Pierpont was a lonely man, and fame probably only deepened his isolation. His first biographer, Carl Hovey, wrote, “It is said there are scarcely fifty men in the financial district who have a speaking acquaintance with Morgan.”2 Pierpont had a wide business acquaintance, but few associates knew him well. Hence, he relied on his family for emotional sustenance. This made especiall
y bruising a feud with his youngest child, Anne Tracy, who was six years Jack’s junior. Pierpont Morgan could conquer the world but not his daughter Anne. She was an athletic, spirited girl who liked golf and tennis and rebelled against her formal upbringing. Of all Pierpont’s children, Anne most resembled him temperamentally: she was bright, stubborn, imperious, and highly opinionated. Elizabeth Drexel, later the wife of socialite Harry Lehr, recalled her as a “thin lanky child with an elfin face and penetrating eyes” but with “a personality and a will as strong as [Pierpont’s] own and a disconcerting habit of putting her elders in the wrong.”3 Once, at a dinner party with Pierpont’s cronies, her father peered down the table and asked her what she planned to be when she grew up. “Something better than a rich fool, anyway,” she snapped.4 Despite these gibes, she was close to her father and often accompanied him to Europe aboard Corsair III. Once, she served as host to the kaiser aboard the yacht.
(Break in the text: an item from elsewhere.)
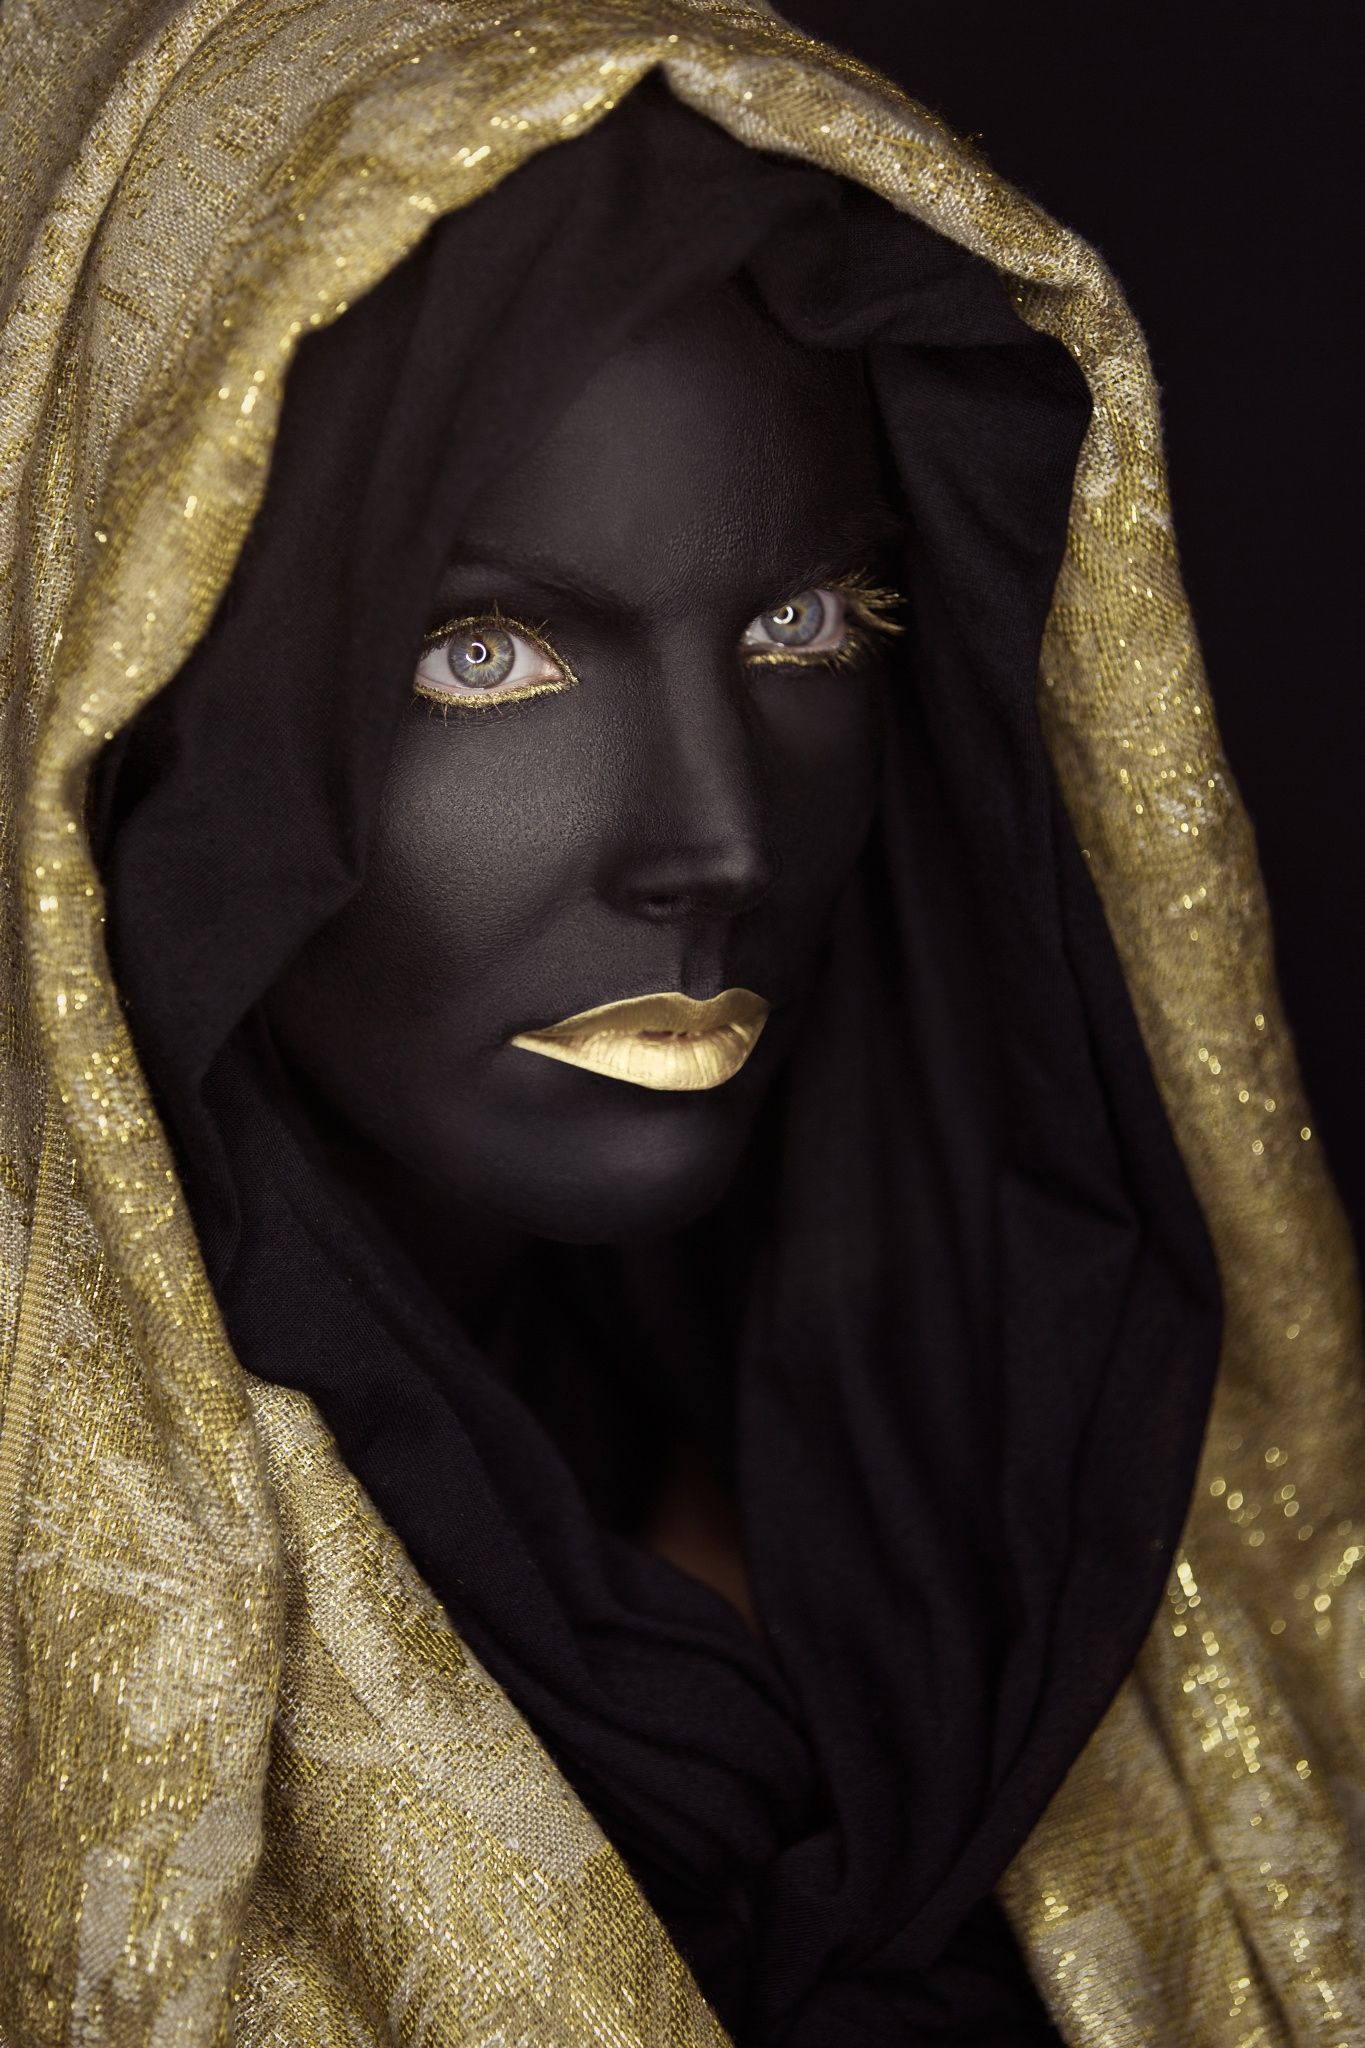 Black Gold. Black girl art, Black women art, Black aesthetic
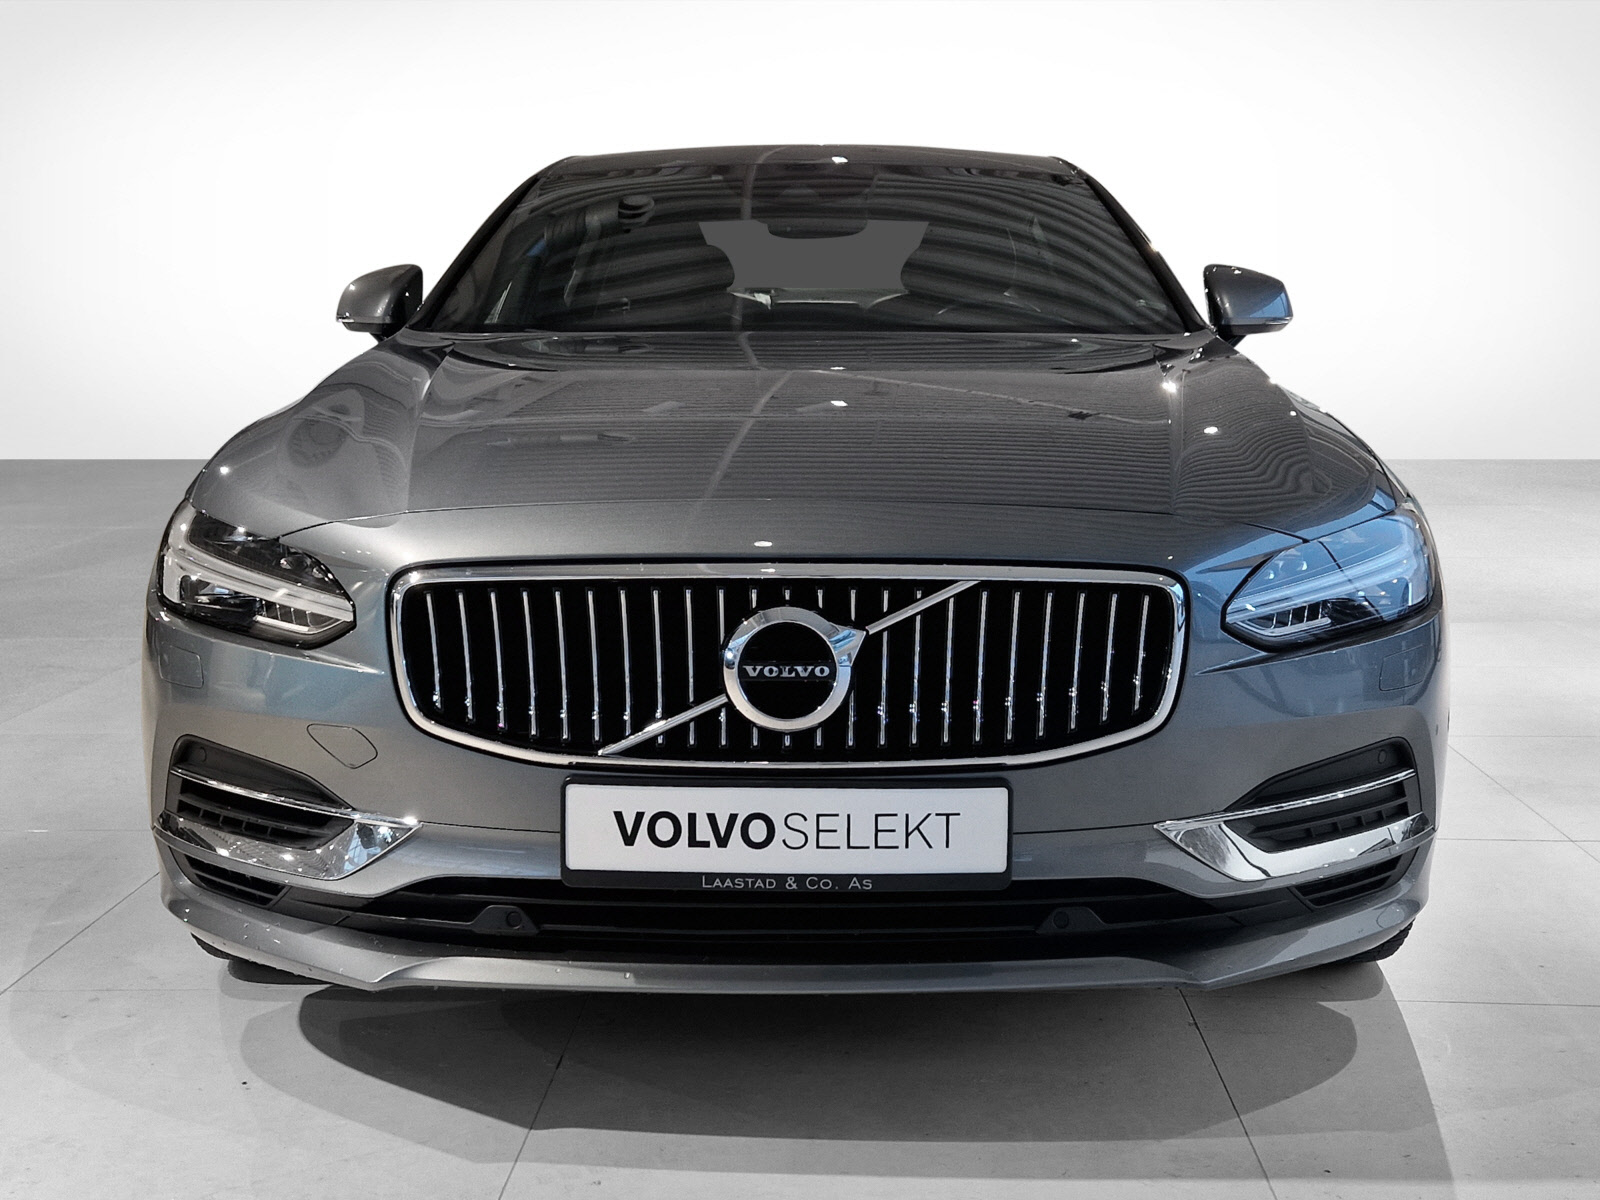 2018 Volvo S90 T8 407hk Inscription Pro AWD aut image

By the early 1900s, Anne, now in her early thirties, had grown into a tall young woman with short hair swept back on the sides, a strong nose, dark eyebrows, and her father’s intense gaze. She had his executive talents and childlike simplicity and hated cartoonists who mocked her father’s nose. She was big and somewhat matronly but also stylish in dress. In 1903, Daisy Harriman, a famous Washington hostess, brought her in as a founder of the Colony Club, the first American ladies’ club, patterned after a British gentlemen’s club. At Thirtieth Street and Madison Avenue, it was designed by Stanford White and had a marble swimming pool and Turkish baths. Rules forbade men above the first floor. Pierpont had no sympathy for the project and lectured the ladies that “a woman’s best and safest club is her own home.”5 Predictably, Dorothy Whitney was an early member.